Objective: To describe the use of infliximab in a patient with refractory Behcet's disease (BD). Clinical features: The patient, a 39‐year‐old woman, had been suffering from BD for over 15 years. Previous therapy, including cyclophosphamide, methotrexate, interferon alpha‐ 2a and steroids, was not controlling her symptoms of severe cutaneous/oral/genital ulcers, uveitis, iritis, chronic sinusitis, diarrhoea, abdominal cramps and severe joint pain. A trial of infliximab, an anti‐tumour necrosis factor alpha (TNFα) monoclonal antibody, was commenced to control the symptoms. Outcome: A course of IV infliximab at 3 mg/kg was administered at weeks zero, two and six.

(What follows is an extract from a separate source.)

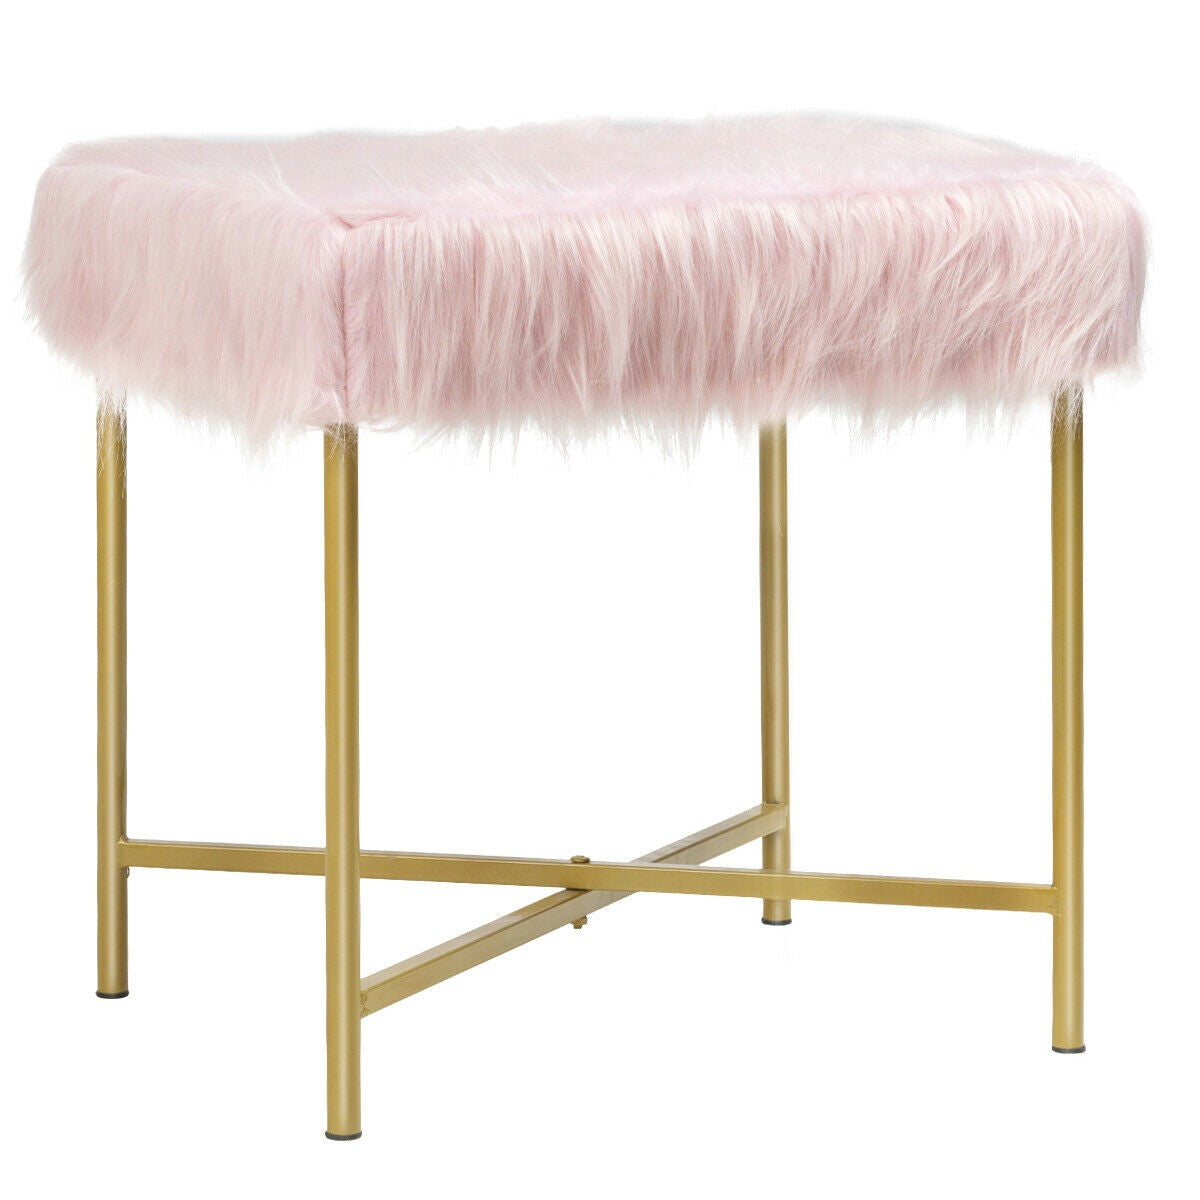 Ottoman Footrest W/ Padded,Luxurious Faux Fur Covered Seat
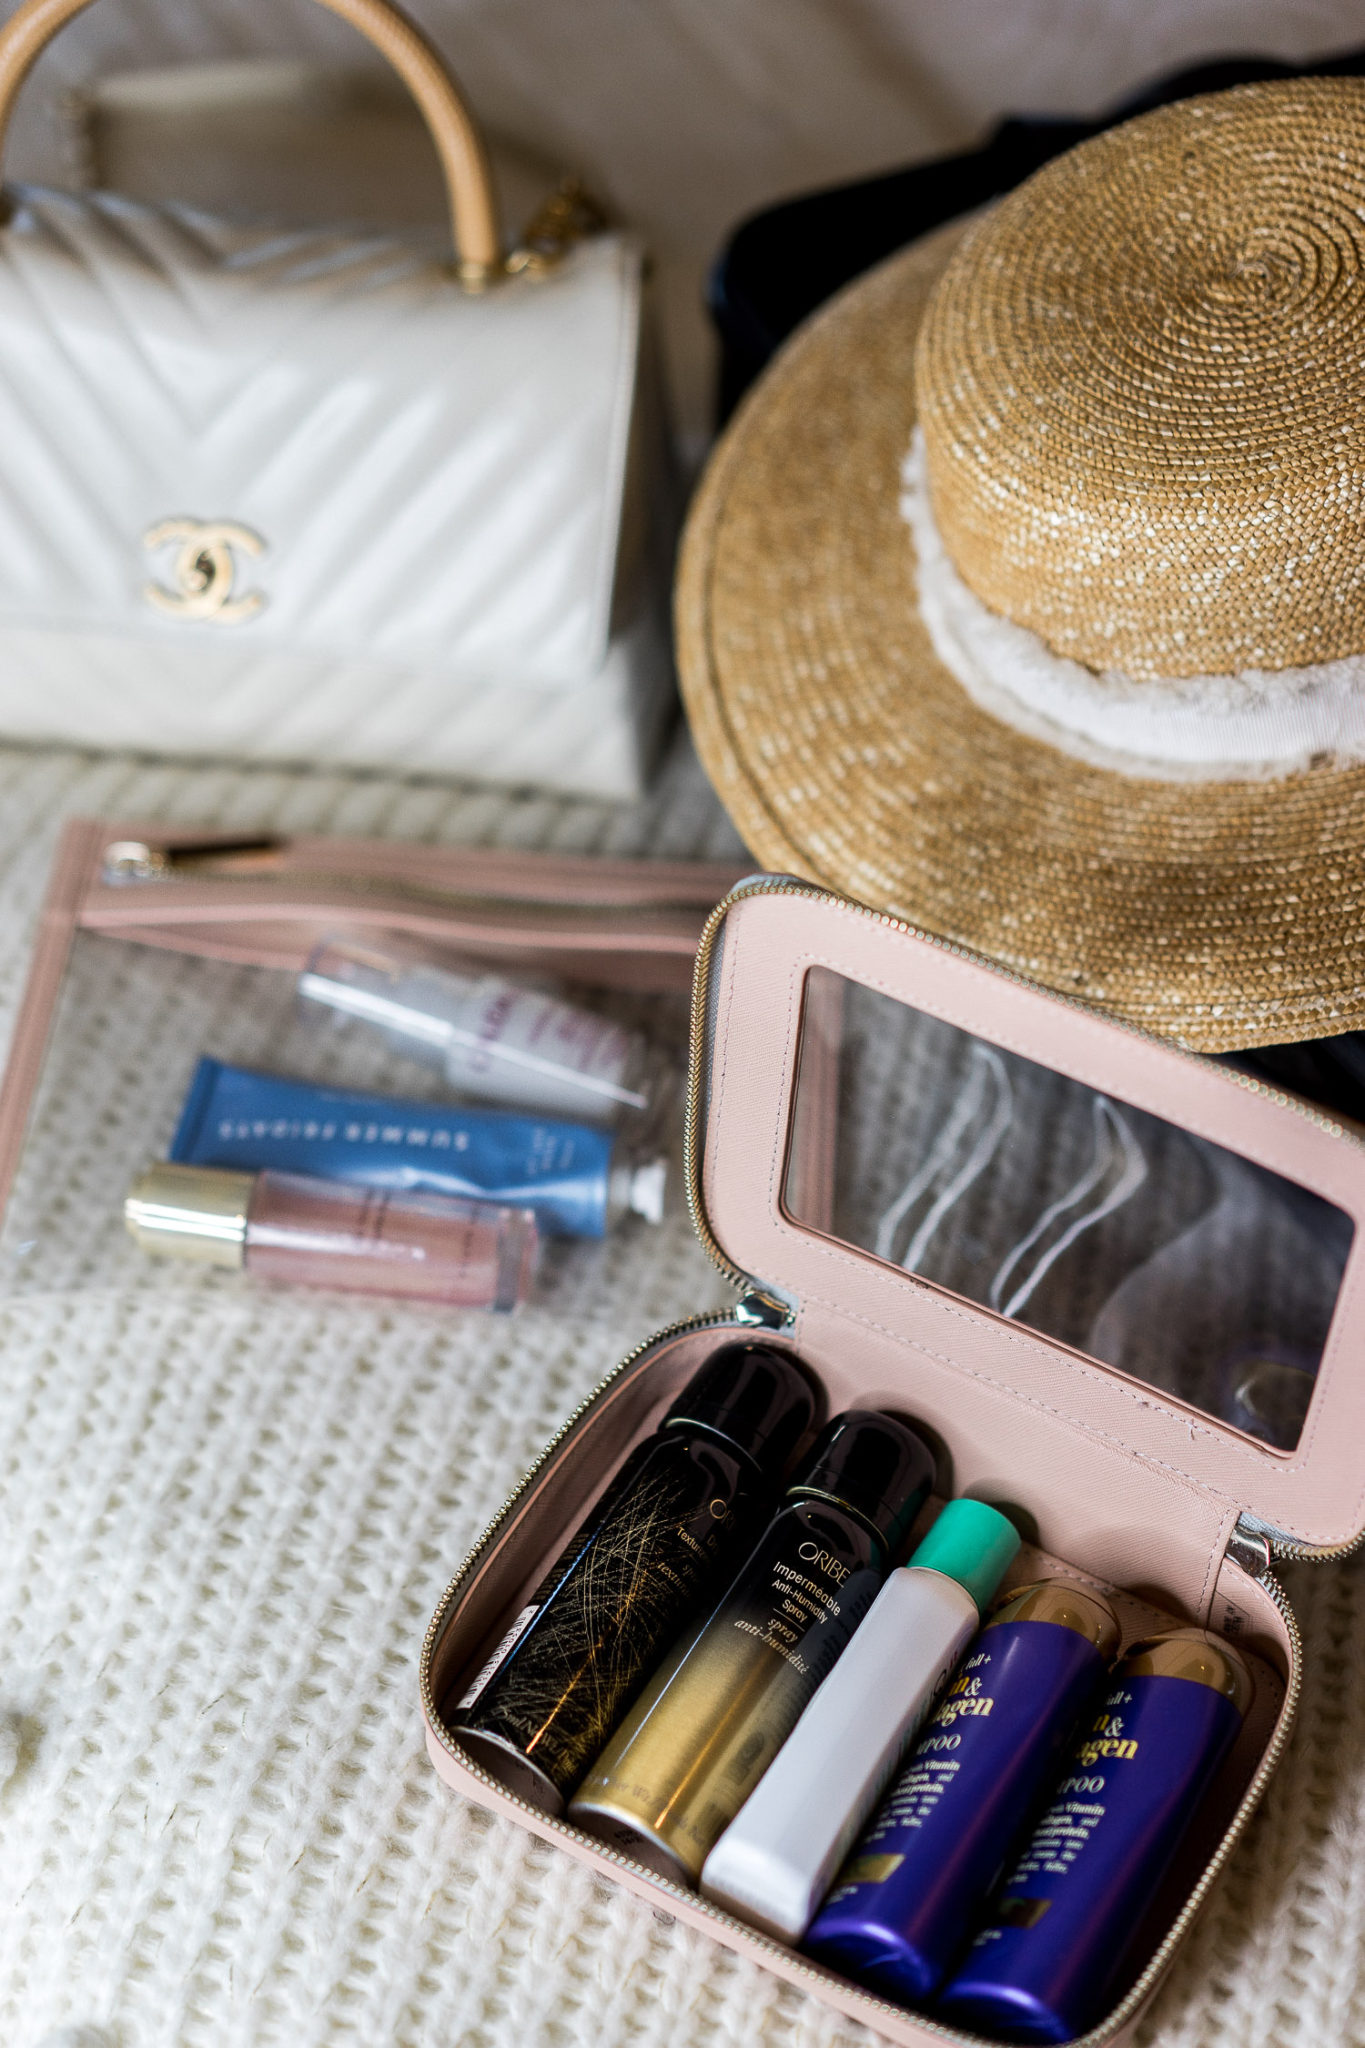  Packing for International Travel: Top 10 Tips

During this period progress was measured using various indices, including the Health Assessment Questionnaire (HAQ) Disability Index and the Arthritis Impact Measurement Scale (AIMS) Anxiety Score, as well as a personal diary. The patient described almost immediate relief from diarrhoea and abdominal cramps. At the end of the six week treatment period, both the HAQ Disability Index and AIMS Anxiety score had decreased from 2.1 and 4.6 respectively, to zero, and the patient reported relief from joint pain, and healing of oral and genital ulcers. Six weeks after treatment finished the patient suffered a relapse of ulcers, joint pain and abdominal symptoms. Maintenance infliximab was commenced at 3 mg/kg IV every eight weeks. Discussion: This case, and other published reports describing short‐term use of infliximab in BD, suggest that infliximab may be suitable for the treatment of refractory BD. However maintenance therapy may be required to achieve long‐term symptom control in some patients, such as the one described in this report.